Иными словами, Циолковский, будучи лишен звучащего слова Учителя, автоматически лишался широкого охвата знаний, передаваемых из поколения в поколение культурных традиций (пусть даже и ложных, но играющих роль канона, образца, основания). Эти знания, которые передавали на уроках и лекциях гимназические учителя и преподаватели университета, должны были пояснять вычитанное в книгах, должны были указывать на важные вехи пройденного человечеством. Устная речь и приобщает к цивилизации. Мы помним, прежде всего, того первого учителя, который нам открыл глаза на книги, который указал тропинку. Без такого учителя исследователь, пусть даже и самый талантливый, опираясь только на то, что сам вычитал в книге, неизбежно будет походить на гоголевского персонажа Тяпкина-Ляпкина, который до всего своим умом дошел. Происходит, чаще всего, следующее: исследователь оказывается лишенным исторического и культурного контекста. Он все должен открывать вновь. Он в одиночку должен пройти весь путь познания, проделанный до него человечеством. Не случайно Циолковский напоминал своим современникам ребенка. Известно, что в онтогенезе каждый человек проходит все этапы исторического развития. Но ребенок, не лишенный общения с другими, сравнительно быстро взрослеет. Циолковский же взрослеет медленно и свой онтогенез он так и не проходит до конца, застревая на том этапе развития человеческой мысли, когда все постигалось лишь непосредственным опытом.
Специалисты не раз сравнивали космизм Циолковского с так называемым новоязычеством. Так он в детском возрасте опытным путем открывает для себя астролябию. Ведь уроков учителей он не слышит, и никто не смог сообщить ему, что этот научный прибор уже несколько сотен лет служит людям. Циолковский буквально повторяет открытие в теории газов, а потом и в области физиологии («Механика живого организма»). Причем, единственным источником автору этих научных трактатов служили лишь некоторые элементарные учебники.
Циолковского постоянно упрекали в том, что он изобретал велосипед, и по странной иронии судьбы именно велосипед станет для ученого излюбленным видом транспорта, когда он окончательно останется в Калуге. Биографы утверждают, что поначалу неутомимый изобретатель распугивал сонных калужских кур и гусей на трескучем «коне» – мотоцикле.
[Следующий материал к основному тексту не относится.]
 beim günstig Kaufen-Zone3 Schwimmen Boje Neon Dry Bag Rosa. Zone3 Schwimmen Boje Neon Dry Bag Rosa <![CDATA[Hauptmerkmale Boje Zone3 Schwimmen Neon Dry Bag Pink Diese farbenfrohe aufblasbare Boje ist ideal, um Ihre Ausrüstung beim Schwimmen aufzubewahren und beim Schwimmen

Но затем он все-таки продал его и приобрел велосипед. Не сказалась ли здесь не только привычная бережливость, но и определенный инфантилизм (детскость), некоторая даже телесная медлительность (явная в сравнении велосипеда и мотоцикла) столь присущие натуре ученого?
Этот же инфантилизм проявляется и в чистосердечных признаниях самого Циолковского о своем браке и о своей будущей жене. Вот они: «Пора было жениться, и я женился без любви, надеясь, что такая жена не будет мною вертеть, будет работать и не помешает мне делать то же. Эта надежда вполне оправдалась».
В своей космической философии Циолковский предполагал вывести идеальную породу людей, лишенную каких бы то ни было страстей, но наделенную необычайным интеллектом. Здесь чувствуется подростковый, панический страх перед женщиной, перед жизнью со всеми ее непонятными неурядицами.